And then just, you know, one thing going forward — not right now — but the IRS in June — seems like an eternity ago, but June of 2019 — proposed a GILTI high-tax exception, which would just be prospective — is just available prospectively. So a lot of taxpayers are waiting on those regs being finalized. And if folks find themselves with that unwelcome combination of current-year losses at the shareholder level, but also paying GILTI, then potentially a GILTI high-tax election can reduce or eliminate GILTI and make that, and improve people’s situation. There are some aspects of the GILTI, of the high-tax election, that are challenging for folks. A lot of comments came in, and are being considered of course, regarding the five-year lock-in period — if you make the election, you’ve got to stick with it for five years; that’s a lot for folks. It’s a [qualified-business-unit-by-qualified-business-unit (QBU-by-QBU)] computation, which coming from someone who loves section 987, I think that’s great; it’s a lot of fun. But for taxpayers, it’s a challenge. I’m one of the three people who thinks, who says “987” and “great” in the same sentence. But so that's a challenge for people to navigate potentially, just the complexity involved there. And then there — you know, you might think, “OK, gosh, this QBU,” you might look very quickly and look at the foreign return and say, “Hey, I do have a high-tax QBU here. Look at my foreign effective rate.” But there can be timing differences, which I'm assuming are magnified in sort of volatile economic conditions, and CFCs can have different U.S. and foreign tax years, so there might be situations where people think they have a higher effective tax rate than they actually have. So there’s probably a significant amount of modeling to think about as they, as folks consider whether or not a GILTI high-tax election is going to be helpful going forward.

Griffith: Excellent, thank you. The questions that we’ve gotten in, I can tell that the tax community genuinely cares about the IRS and how hard they’re working.
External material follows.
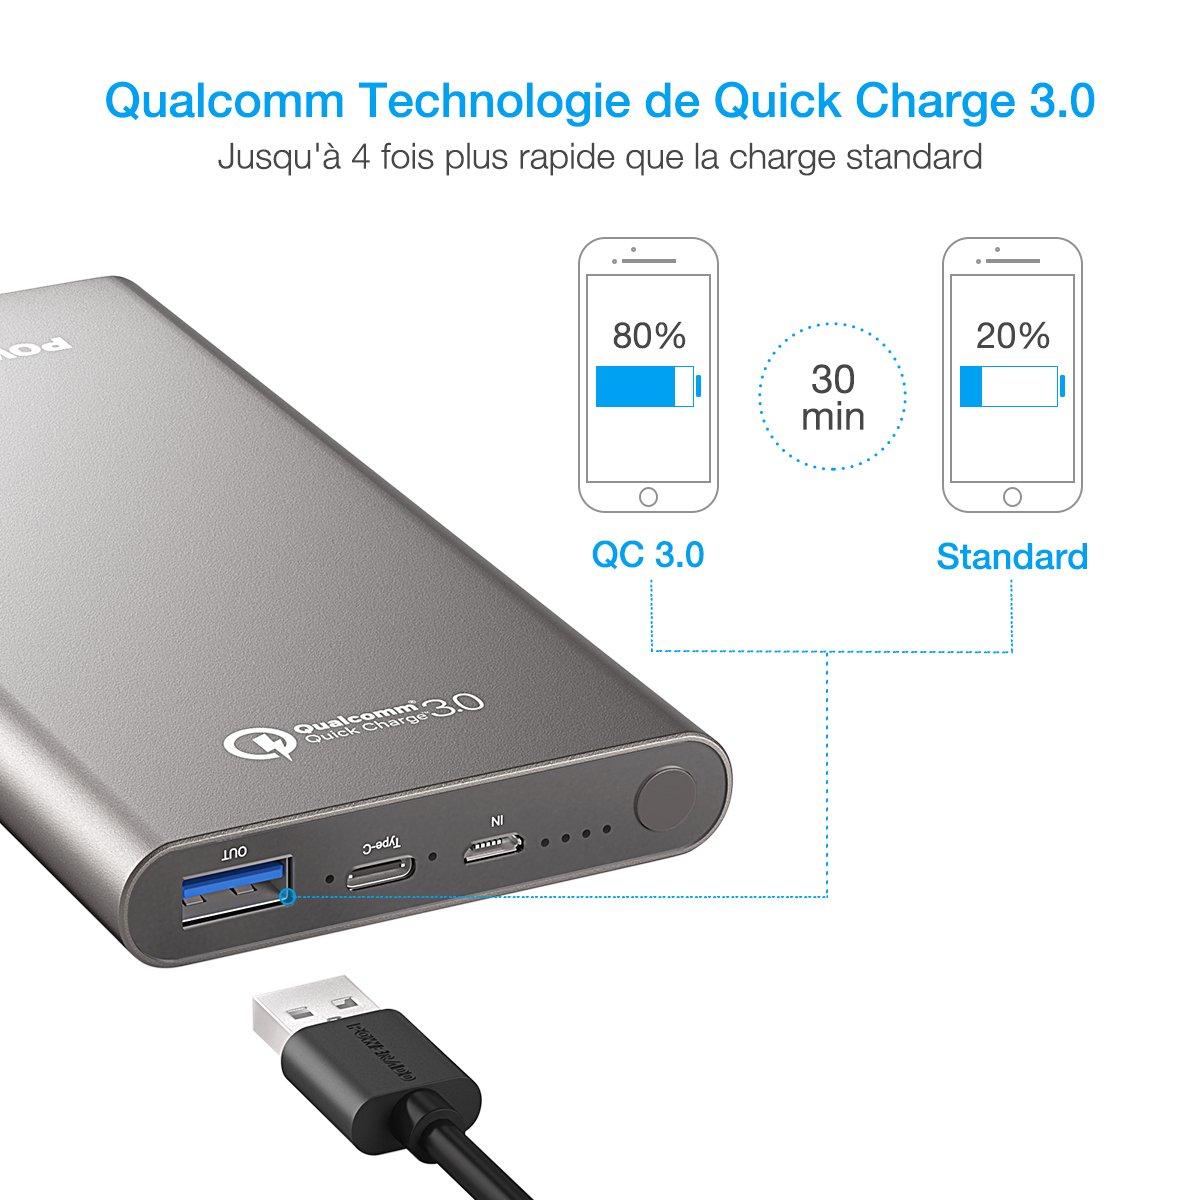 [Quick Charge 3.0] Poweradd 10 000 mAh USB Type-C Grande Capacité Chargeur Batterie Portable de Secours Externe avec sortie 4.8A pour iPhone, iPad, iPod, Samsung, et des autres téléphones(Adaptateur USB-C inclus)-Gris foncé

There have been a lot of really interesting questions, and we’ll try to get through a few of them here. One we got — and Mike, you can probably address this — is whether there’s a sense at Treasury and within IRS that if you got significant information technology upgrades, does that make the agency more capable of digital filings, other digital documents?

Desmond: Yeah, that’s a long-standing issue. I guess I’d have a couple of comments on that, and this is mostly an IRS IT issue. Obviously, at counsel we support the IRS in a number of different functions, but we also benefit from some of the upgrades that they’re making on the IT front. I guess initially, I’d just point to the success that the IRS has had. I know there’s been a lot of press regarding the economic impact payments and a very small number of issues with the economic impact payments relative to the 120 million or so that have gone out. But I think the overall success of getting out 120 million payments within a month really does speak to the IRS’s IT capabilities. And I think sometimes those are panned in the popular press, but that’s not necessarily a clear or an accurate reflection of what actually is done. I think more reflective of that is what the IRS is able to do, instances like the economic impact payments (EIPs).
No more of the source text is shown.